All right, to be straightforward, I do not actually desire low-quality healthcare; I simply do not desire high-quality healthcare — at least not "high-quality healthcare" as defined by generally accepted standards.

Time for some background. Once a year, around this time, my employer allows open enrollment in the various health plans the company offers. As I went through the process, I took the opportunity to review the physicians I had chosen for my family. In order to select the best pediatrician for my children, I used a feature provided by my company's website: a link to a database of physician ratings. I looked up my children's current doctor to see how he fared. What I found was interesting: he was not rated as well as I imagined. Luckily, the reason was just a few mouse clicks away.
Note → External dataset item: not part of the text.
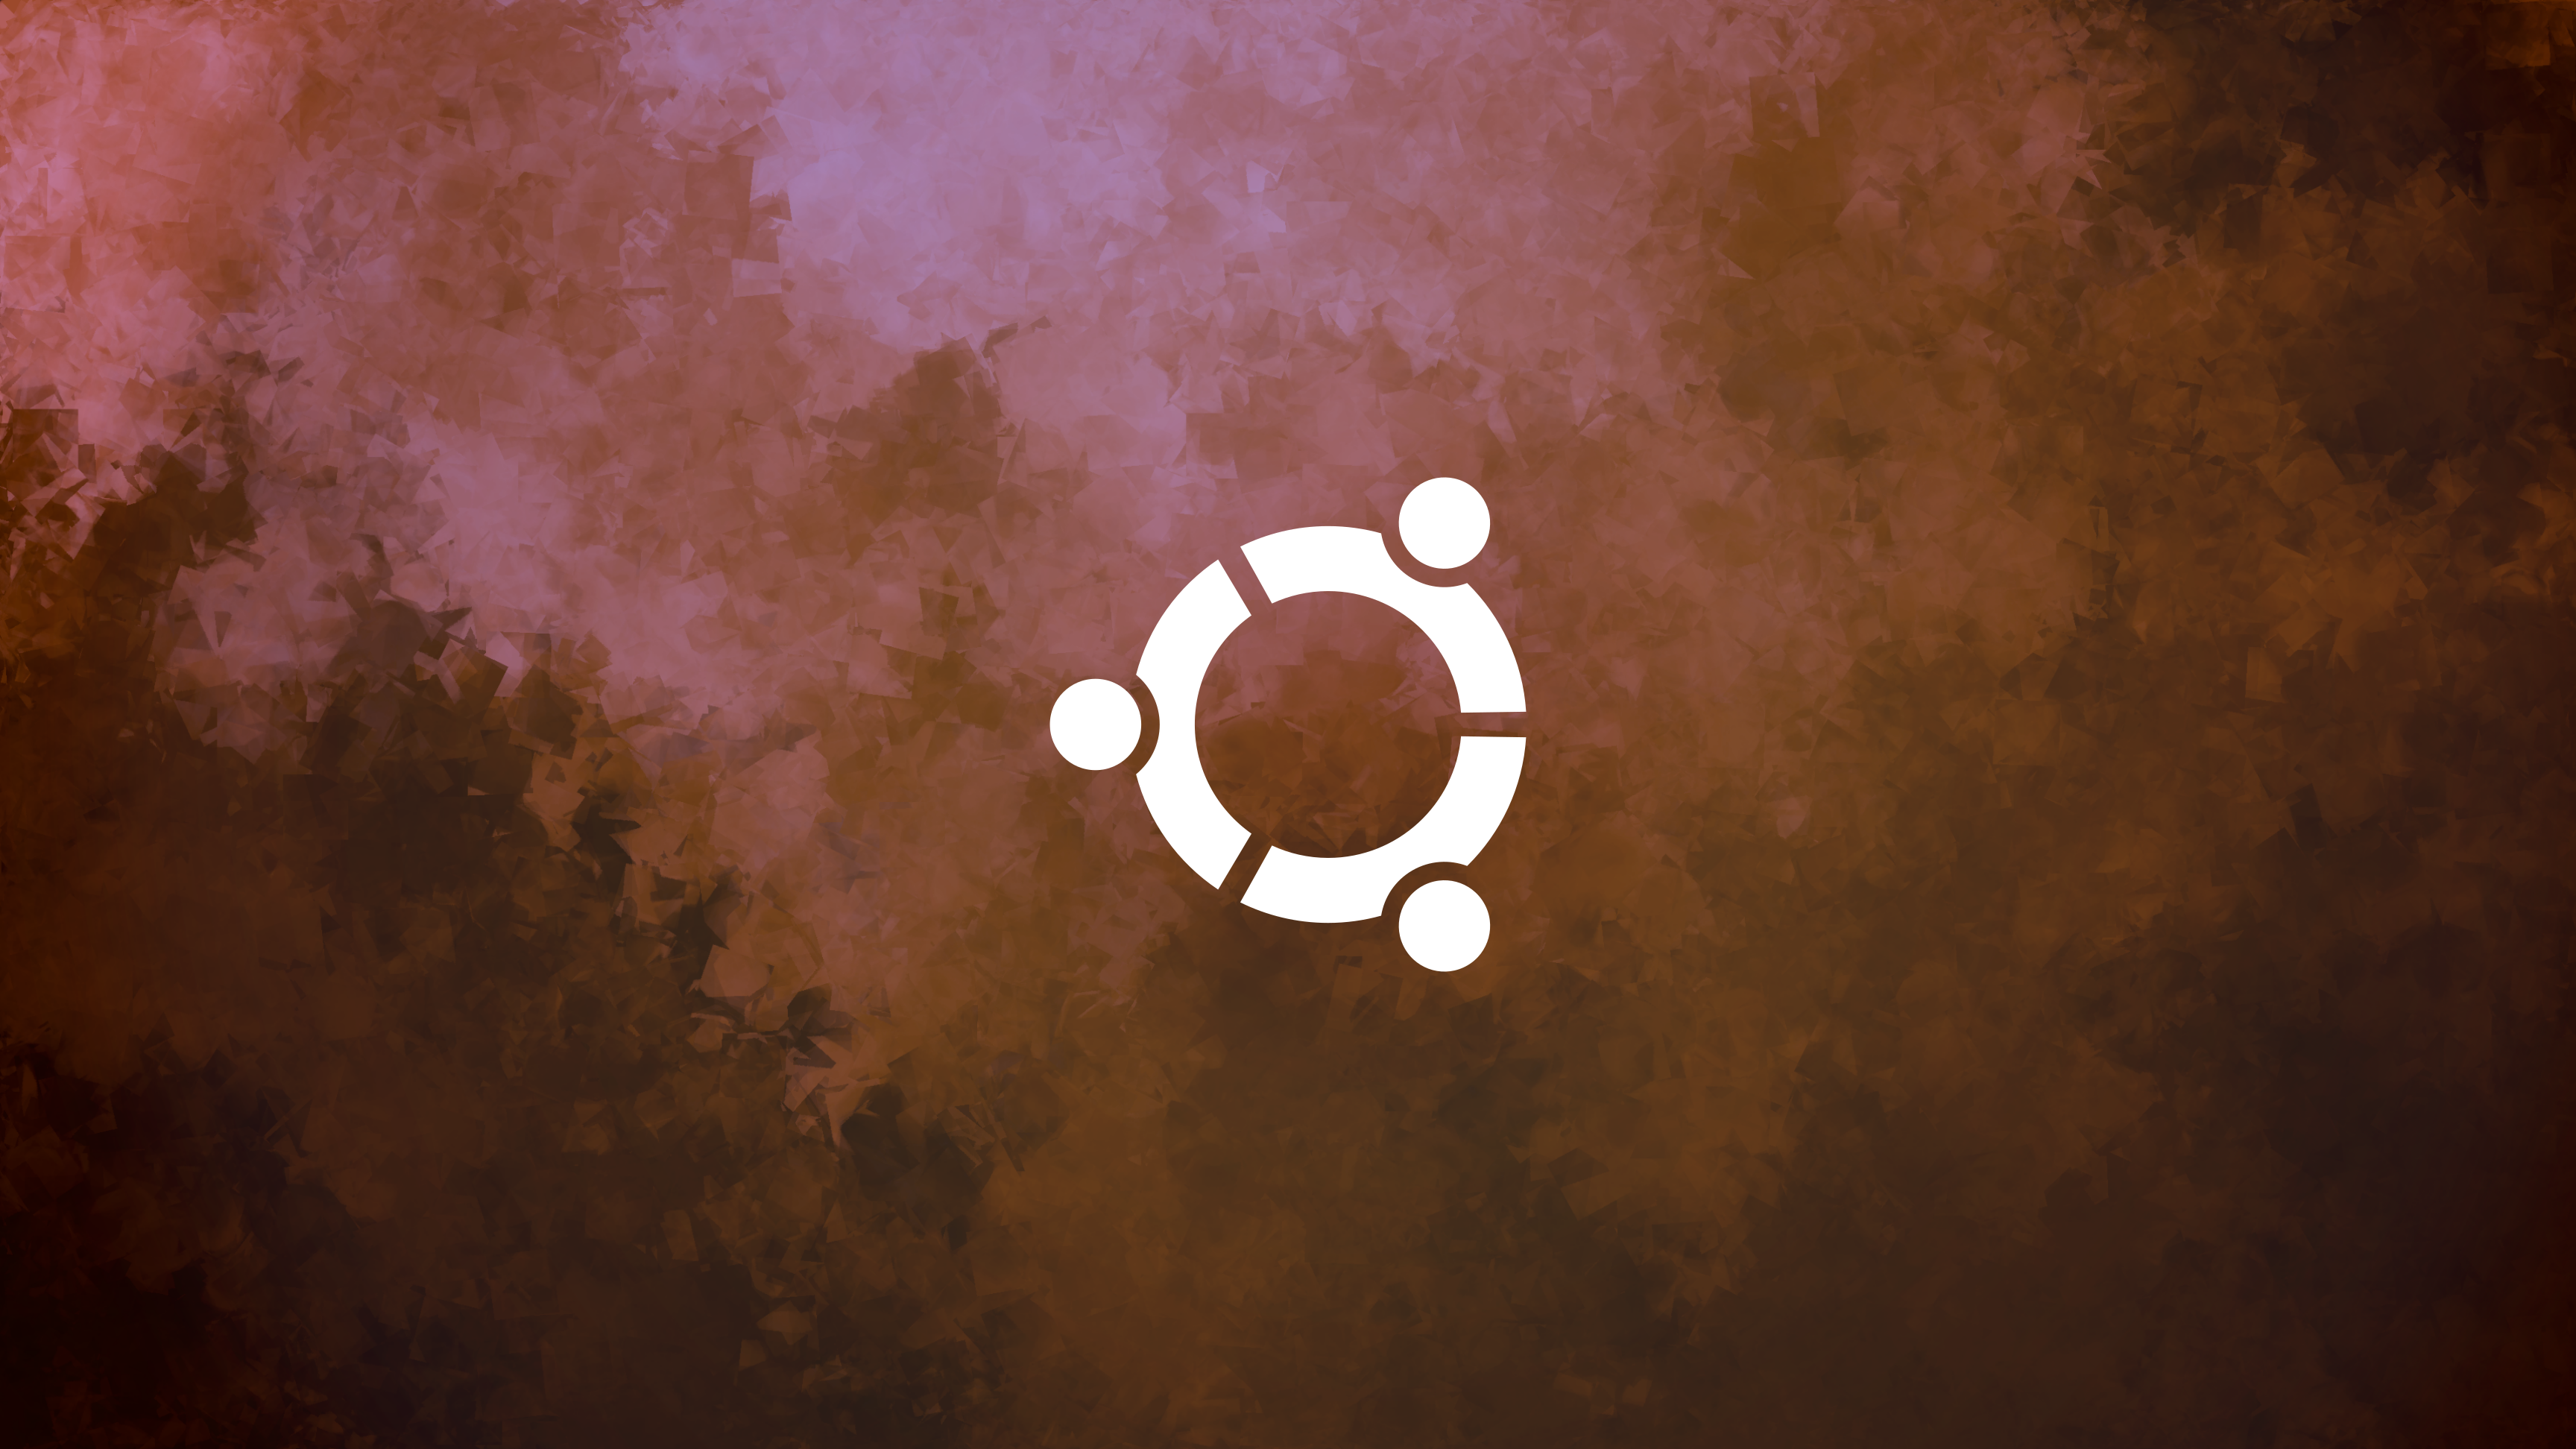 Linux Ubuntu Unix Logo Minimalism Operating System 3456x1944
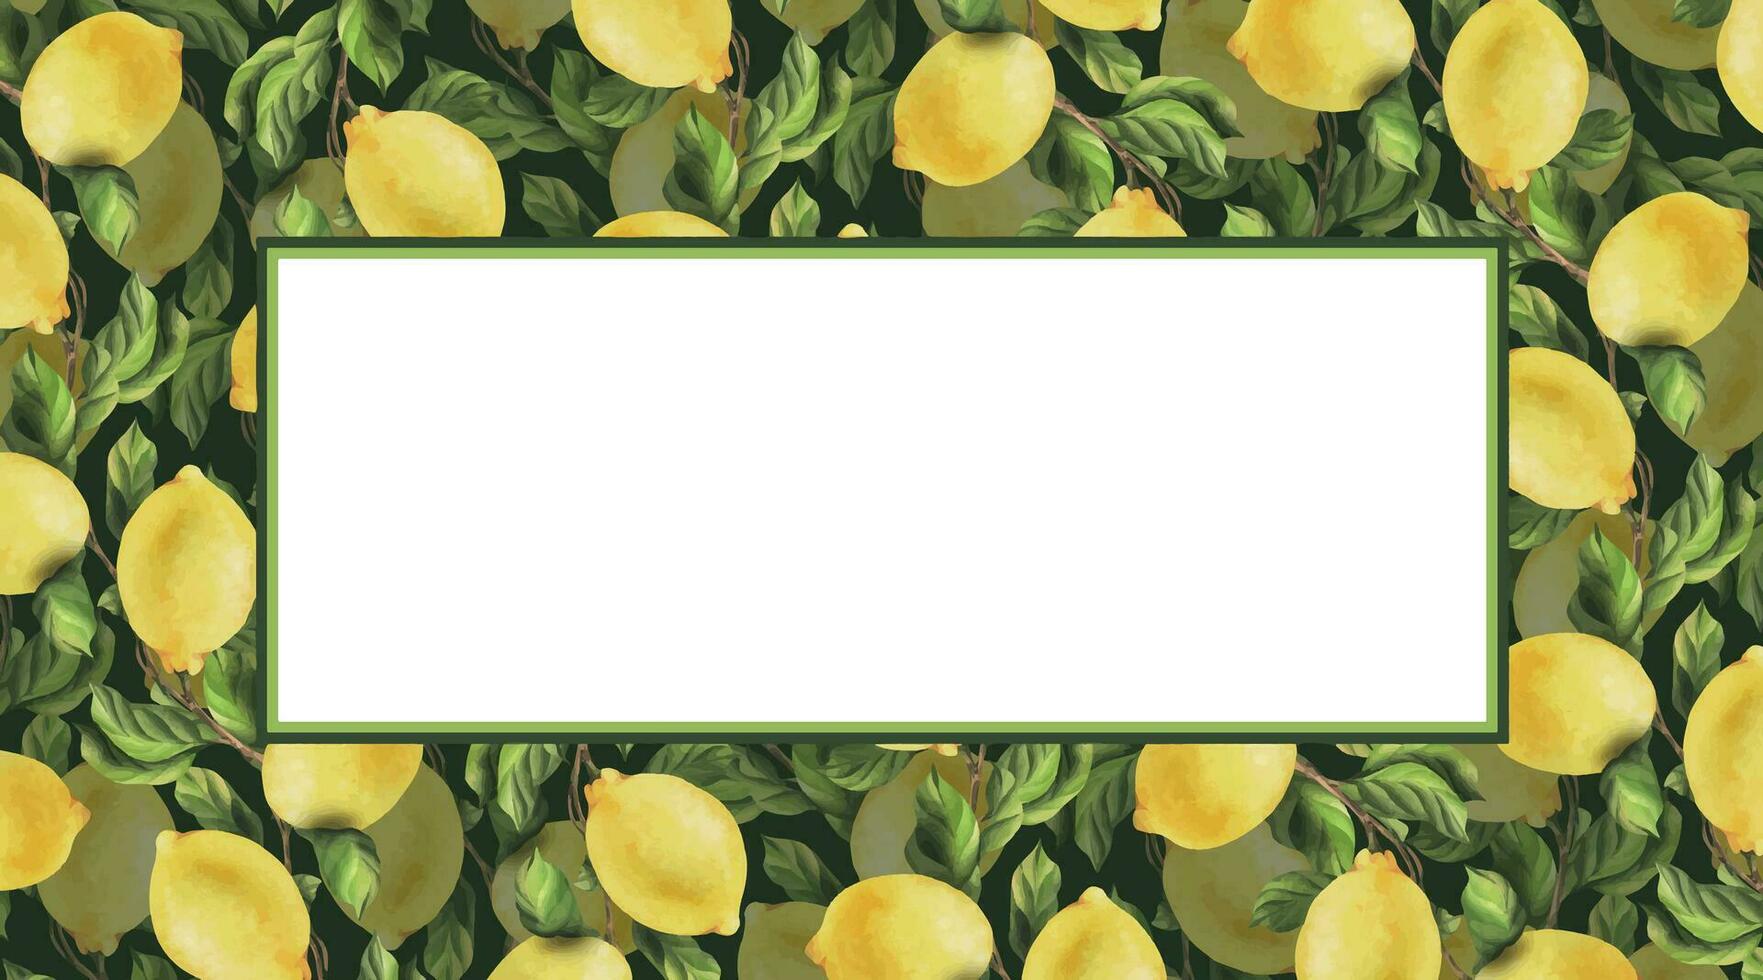 citroner är gul, saftig, mogen med grön löv, blomma knoppar på de grenar, hela och skivor. vattenfärg, hand dragen botanisk illustration. ram, mall på en vit bakgrund. vektor

The database rates physicians in three categories: quality of care, cost of care, and number of patients treated. My interest is mainly around quality of care for the following reasons: quality of care and children go hand in glove. His cost of care is not my issue (it is a third-party-payer system), and the number of patients is a statistic that can be considered both positive and negative.

So why was my chosen physician not rated near the top in the quality-of-care category? My wife and I like him. We have never had any problem with the care he provided to our children. Moreover, he gets excellent reviews from other parents who use his services. I clicked again.[1]

Interestingly, it turns out that the evaluation rubric for quality of care is based on "a physician's compliance to medical guidelines established by the medical community." That's pretty heady stuff. Or is it?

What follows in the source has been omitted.